Records
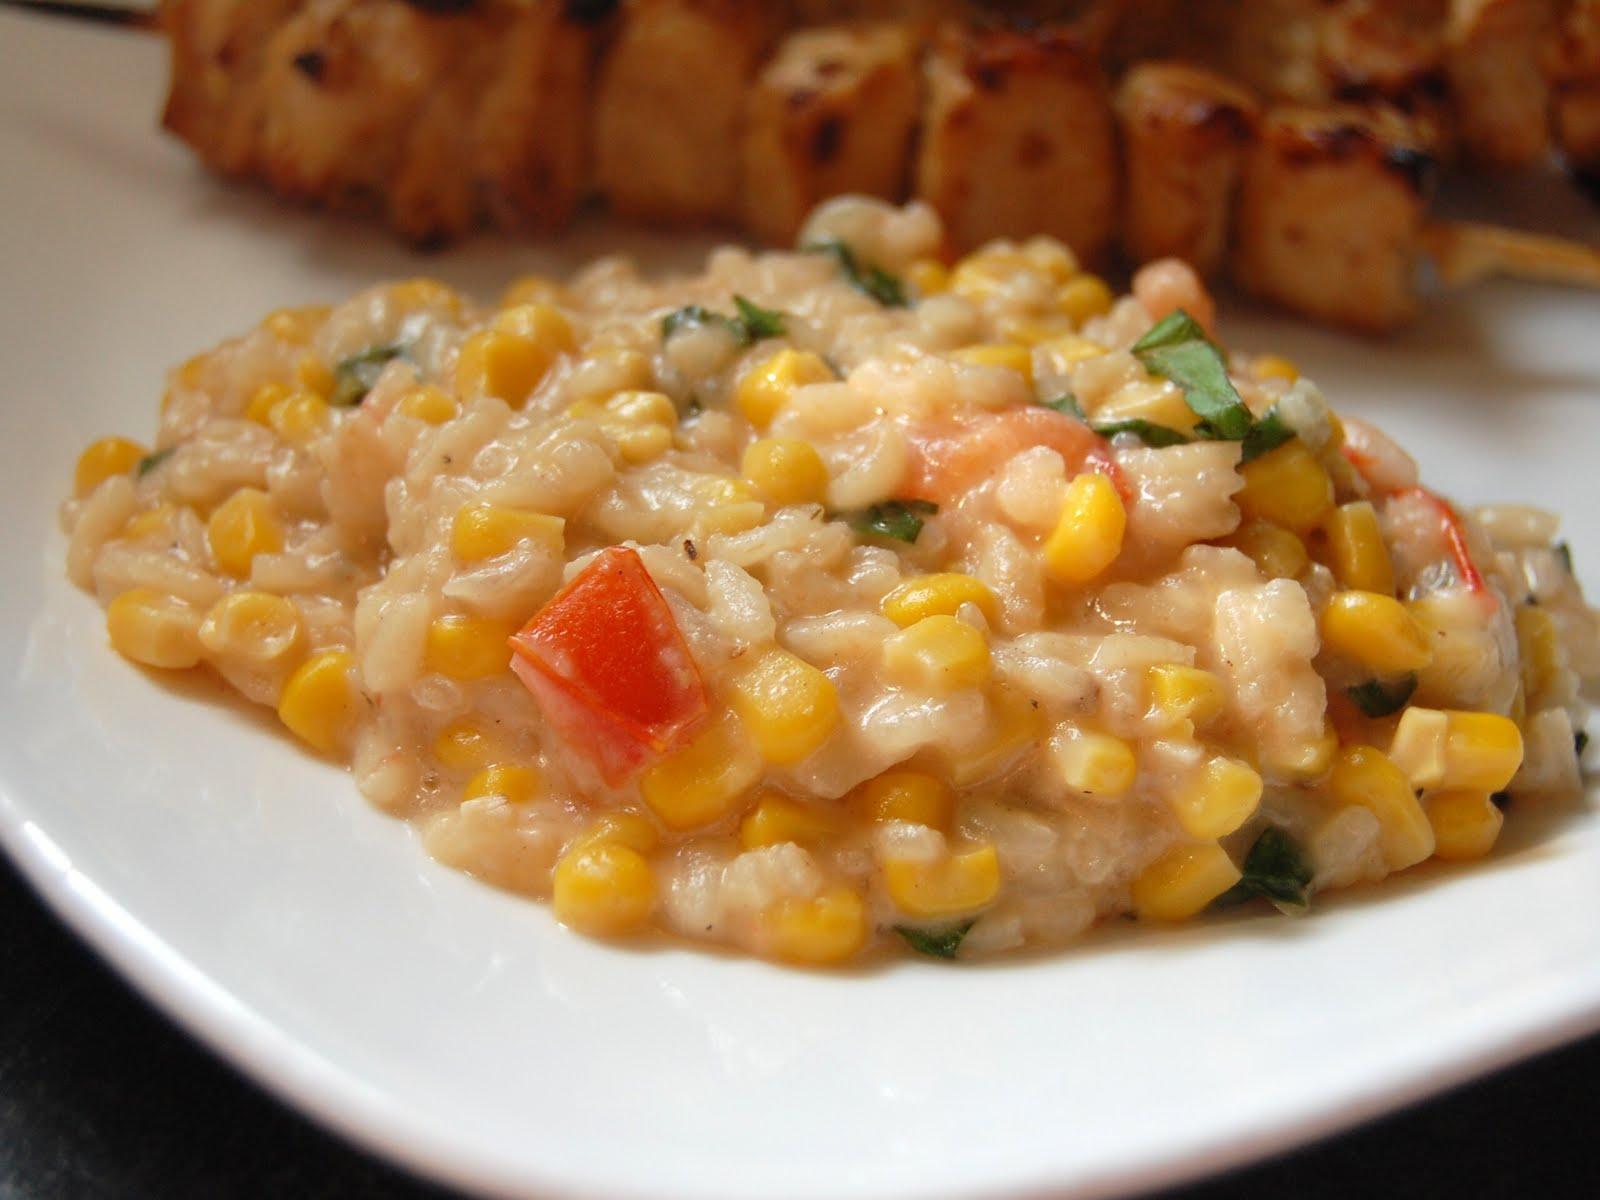 Cassie Craves: Corn and Tomato Risotto
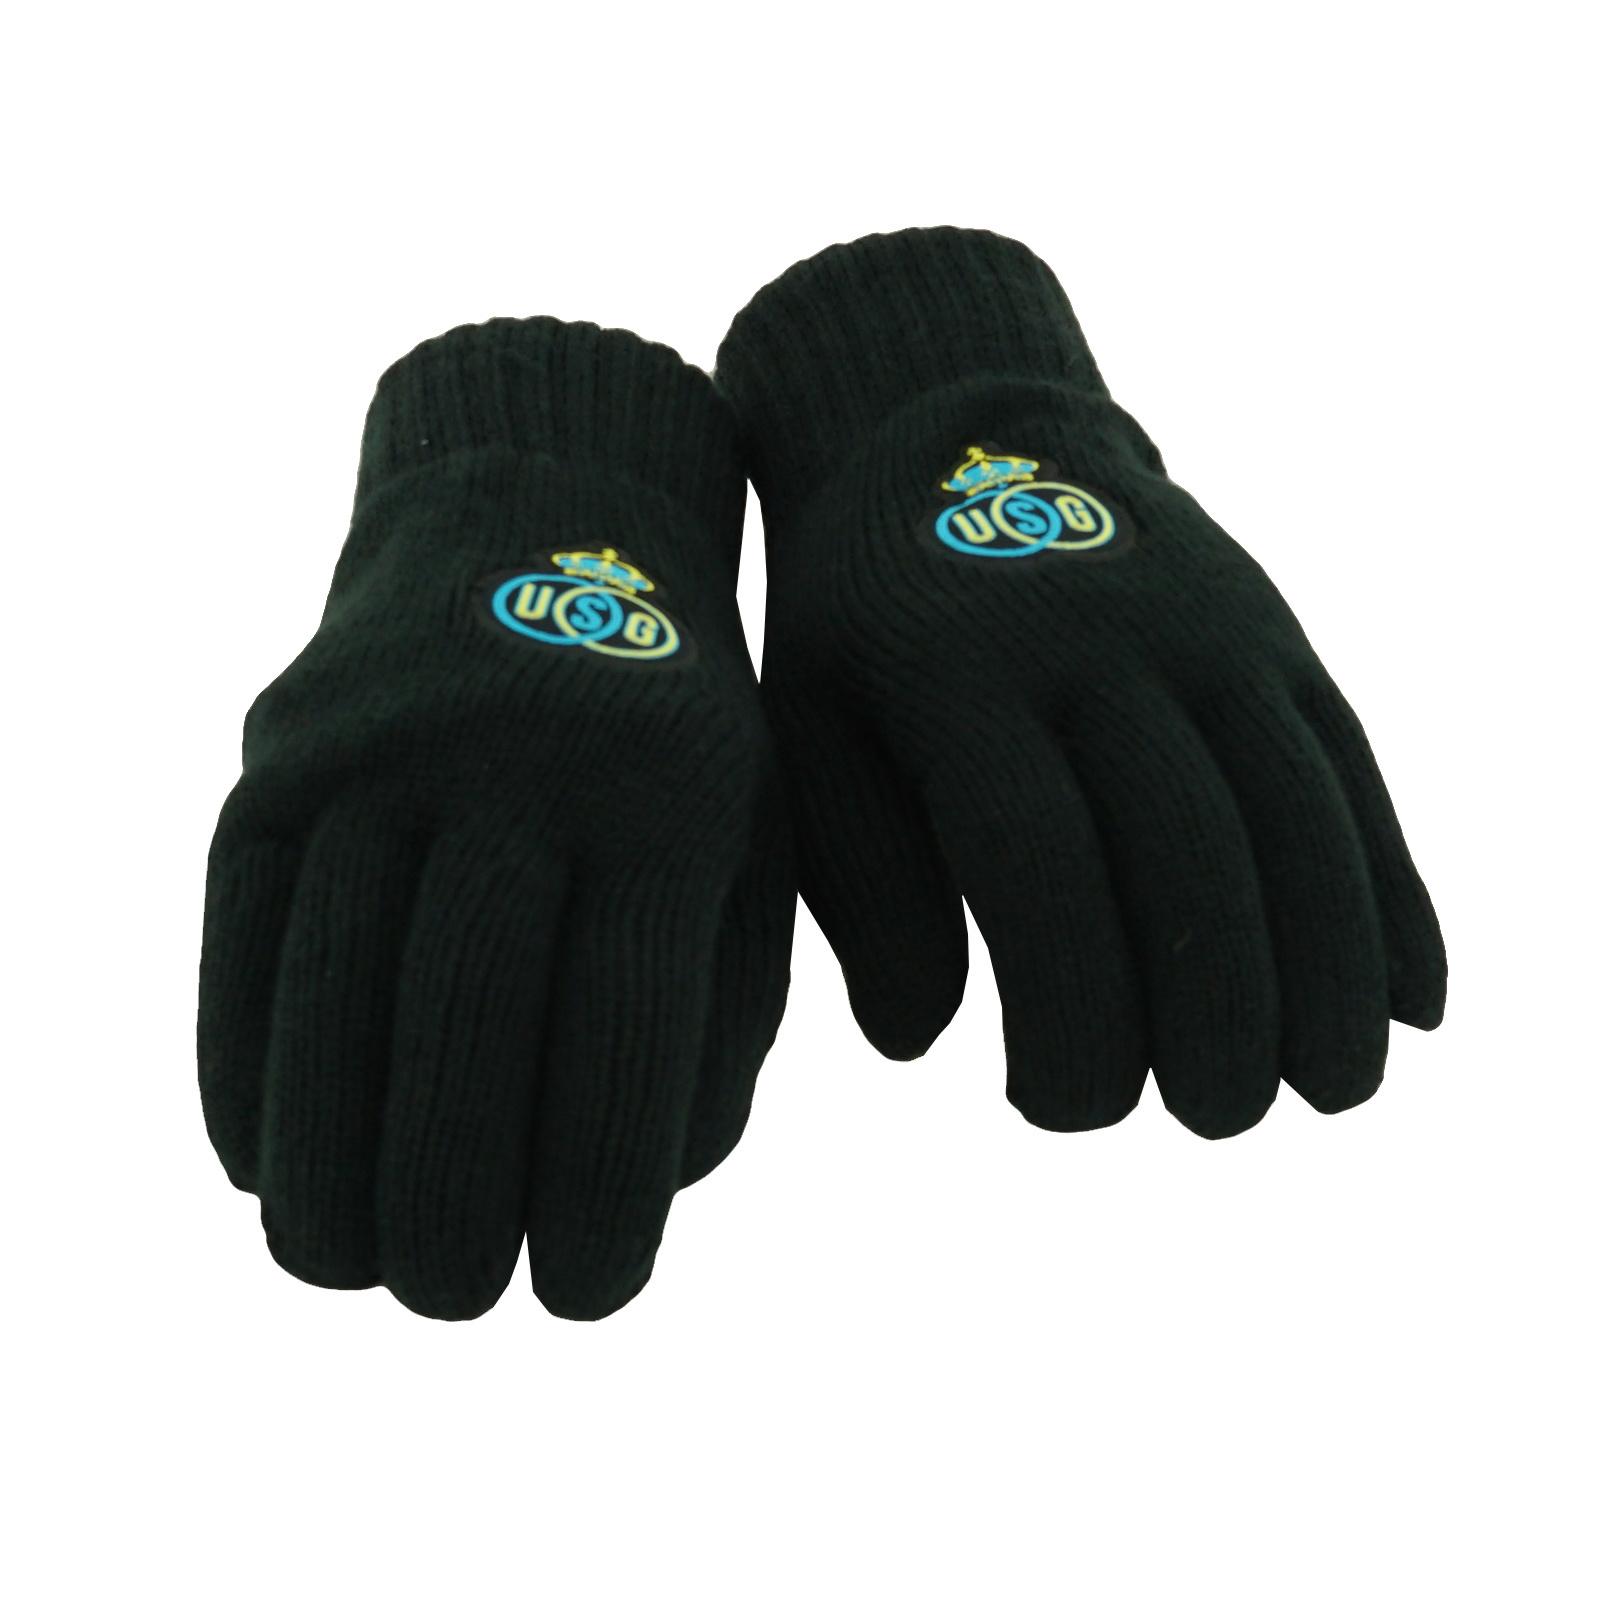 Topfanz Handschoenen zwart - S
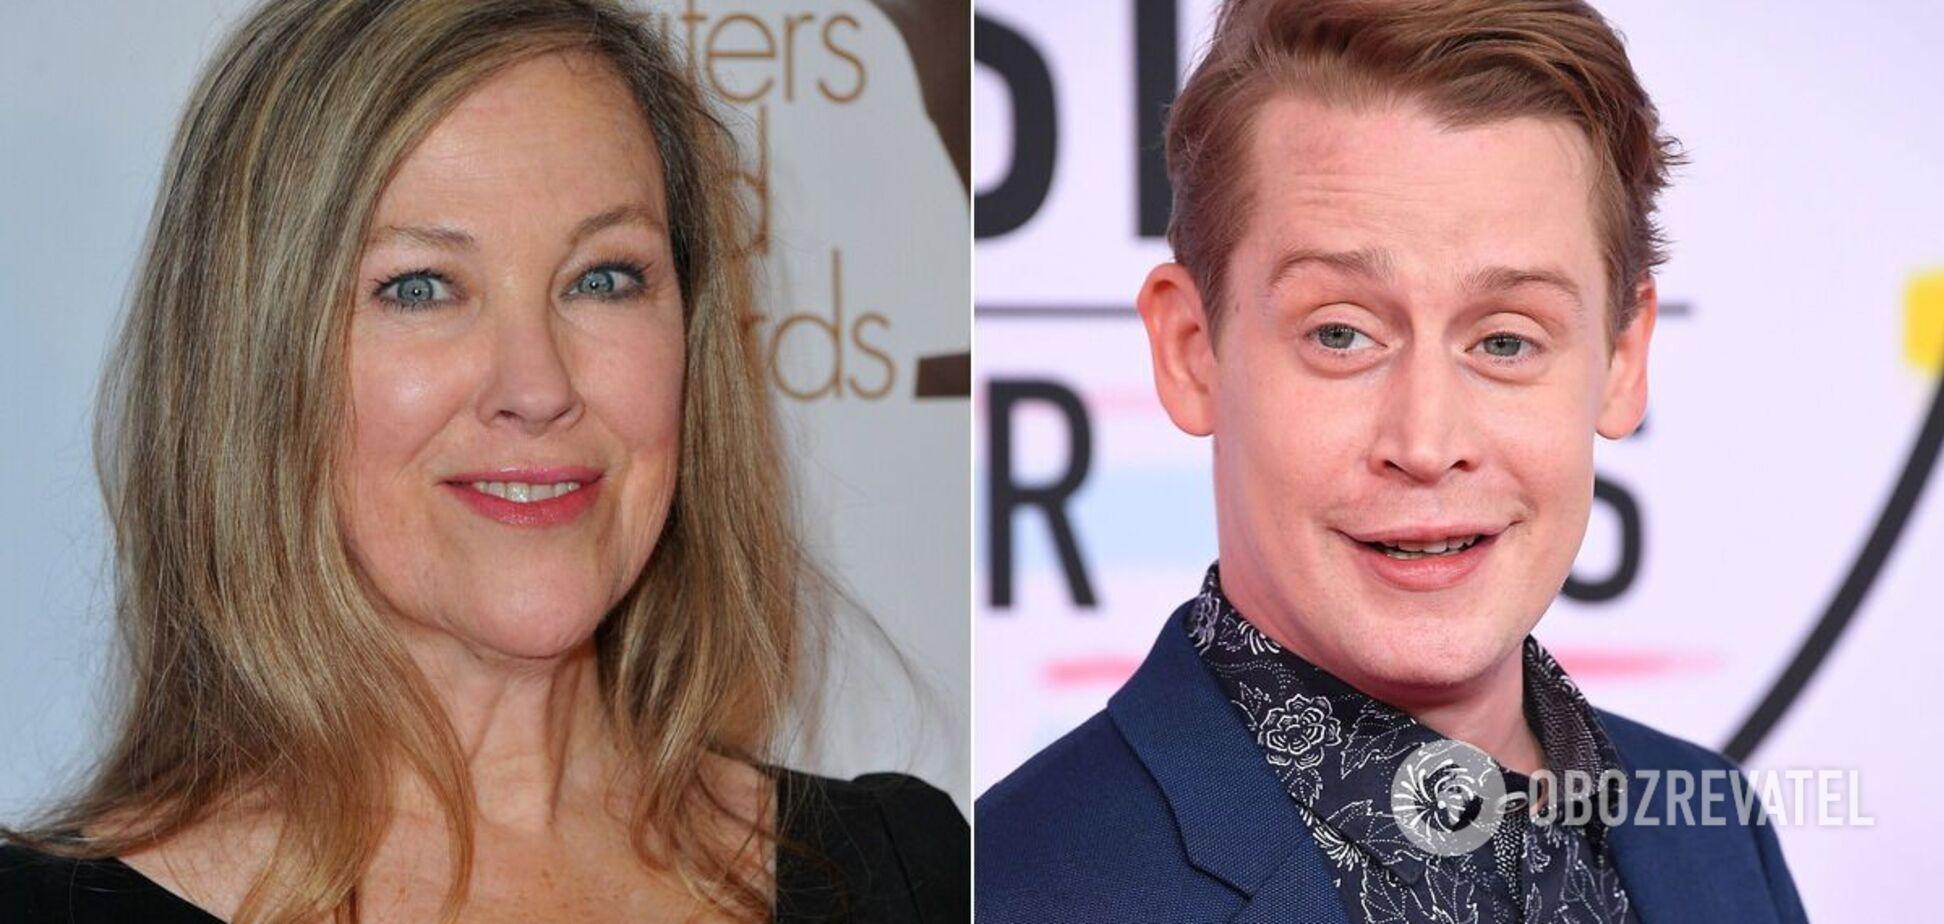 Как выглядят актеры спустя 30 лет после премьеры 'Один дома'.
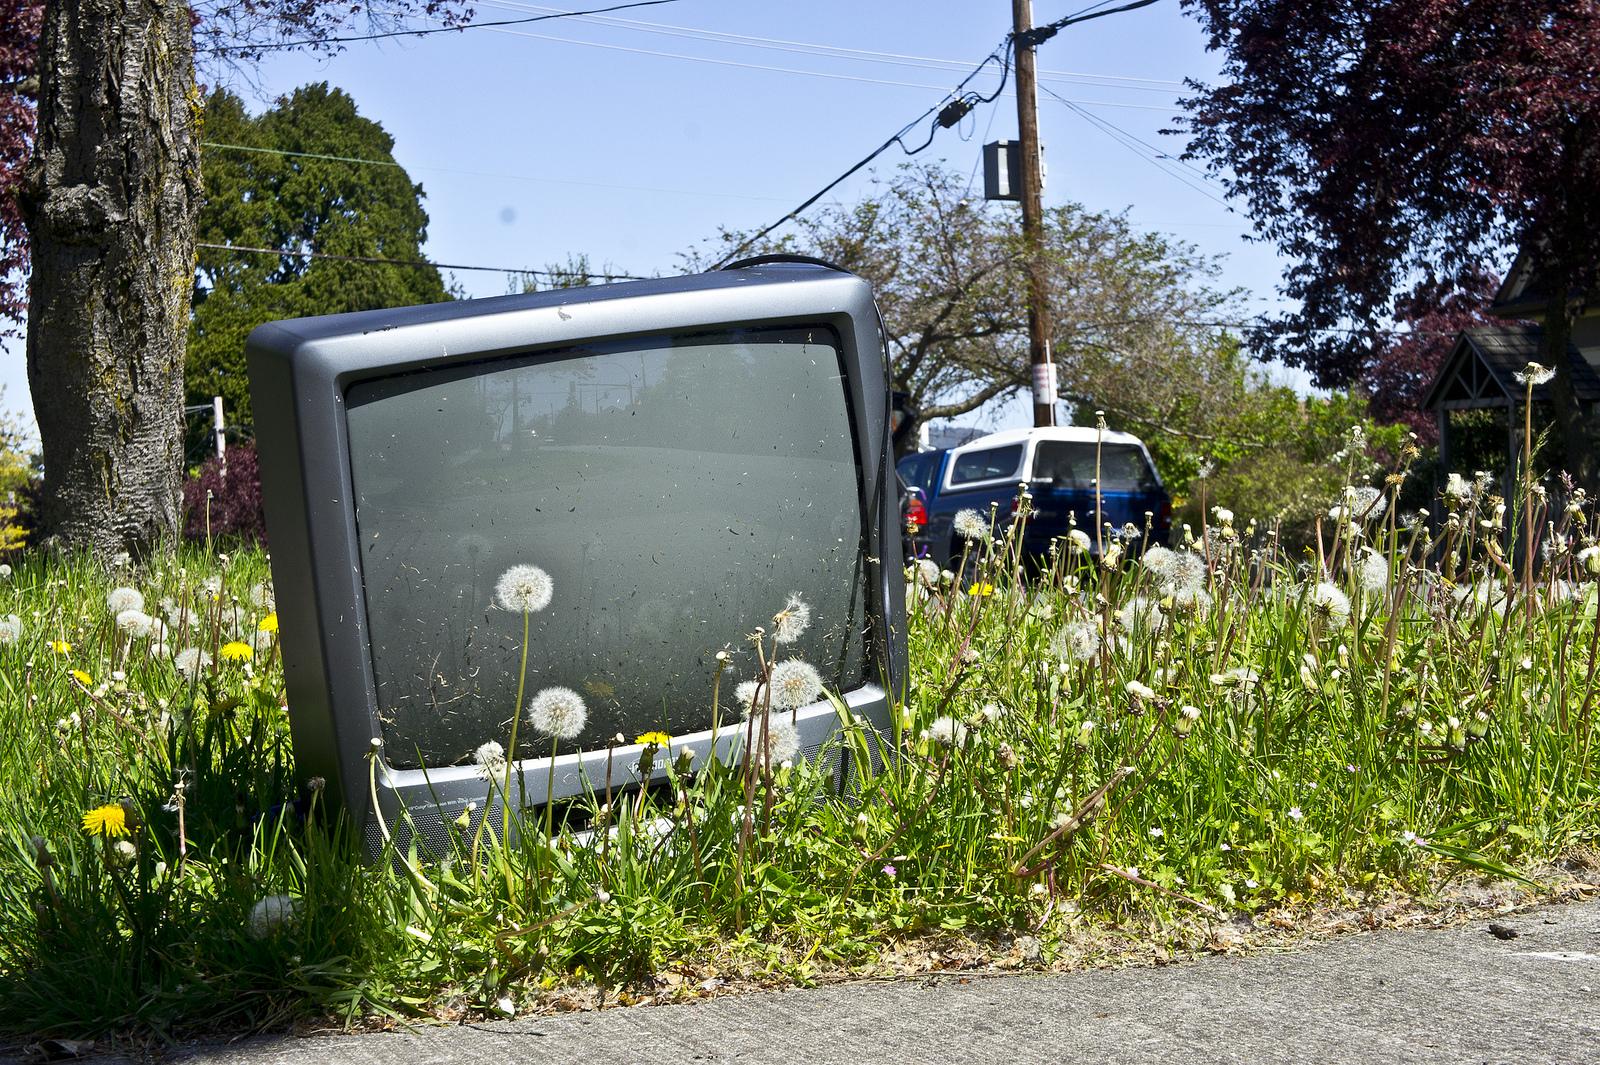 Tévéket adományozott volna kórházaknak, de nekik csak garanciával kell
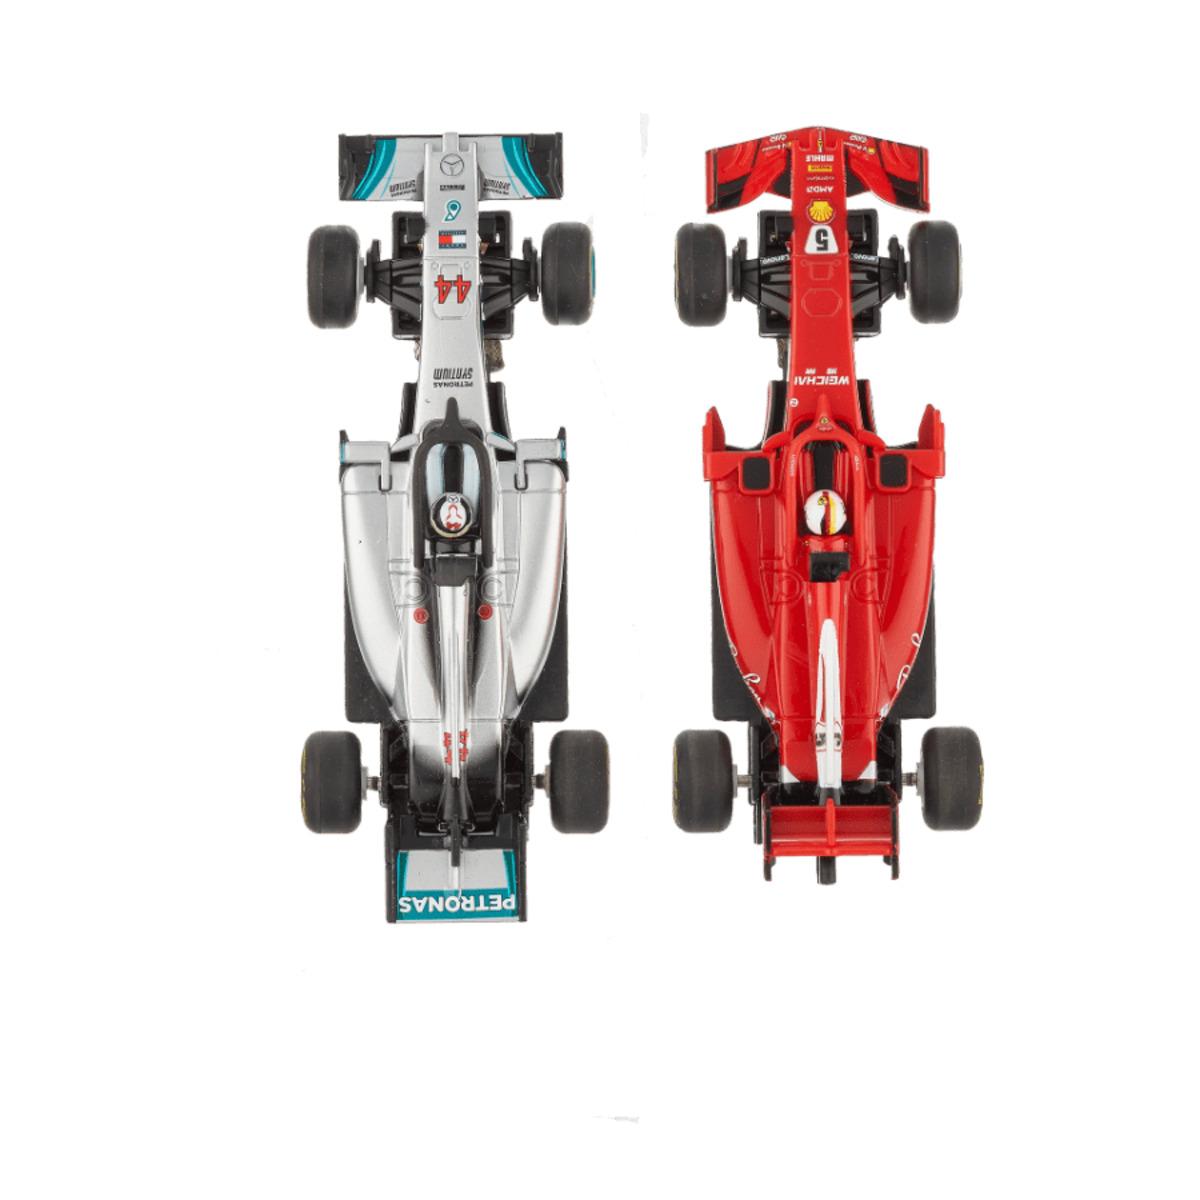 Bild 3 von Carrera Go!!! Autorennbahn

Try it
Down to the last line, set down the data above exactly, and omit all images.

Reply to the task
 Cassie Craves: Corn and Tomato Risotto
 Topfanz Handschoenen zwart - S
 Как выглядят актеры спустя 30 лет после премьеры 'Один дома'.
 Tévéket adományozott volna kórházaknak, de nekik csak garanciával kell
 Bild 3 von Carrera Go!!! Autorennbahn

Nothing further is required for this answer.